We refer to such ADTs as generalized queues. For convenience, we also typically include explicit operations to initialize the data structure and to count the number of items in the data structure (or just to test whether it is empty). Alternatively, we could encompass these operations within insert and delete by defining appropriate return values. We also might wish to destroy the data structure or to copy it.
When we insert an object, our intent is clear, but which object do we get when we delete an object from the collection? Different ADTs for collections of objects are characterized by different criteria for deciding which object to remove for the delete operation and by different conventions associated with the various criteria. Moreover, we shall encounter a number of other natural operations beyond insert and delete. Many of the algorithms and data structures that we consider in this series were designed to support efficient implementation of various subsets of these operations, for various different delete criteria and other conventions. These ADTs are conceptually simple, used widely, and lie at the core of a great many computational tasks, so they deserve the careful attention that we pay them.
We consider several of these fundamental data structures, their properties, and examples of their application while at the same time using them as examples to illustrate the basic mechanisms that we use to develop ADTs.

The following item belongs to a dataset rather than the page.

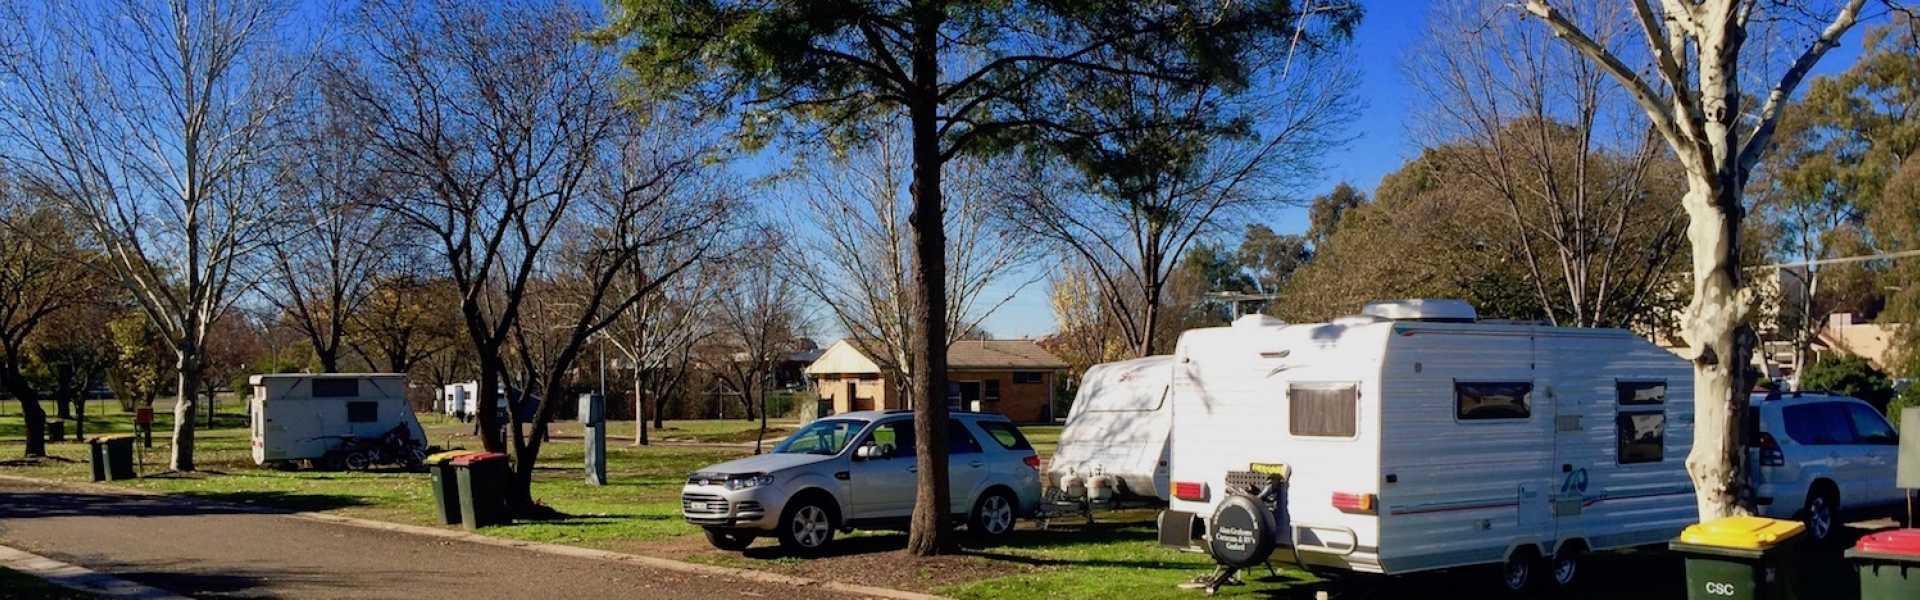 Kui Parks, Cootamundra Caravan Park, Sites

Data types comprising collections of abstract objects (generalized queues) are a central object of study in computer science because they directly support a fundamental paradigm of computation. For a great many computations, we find ourselves in the position of having many objects with which to work, but being able to process only one object at a time. Therefore, we need to save the others while processing that one. This processing might involve examining some of the objects already saved away or adding more to the collection, but operations of saving the objects away and retrieving them according to some criterion are the basis of the computation. Many classical data structures and algorithms fit this mold, as we shall see.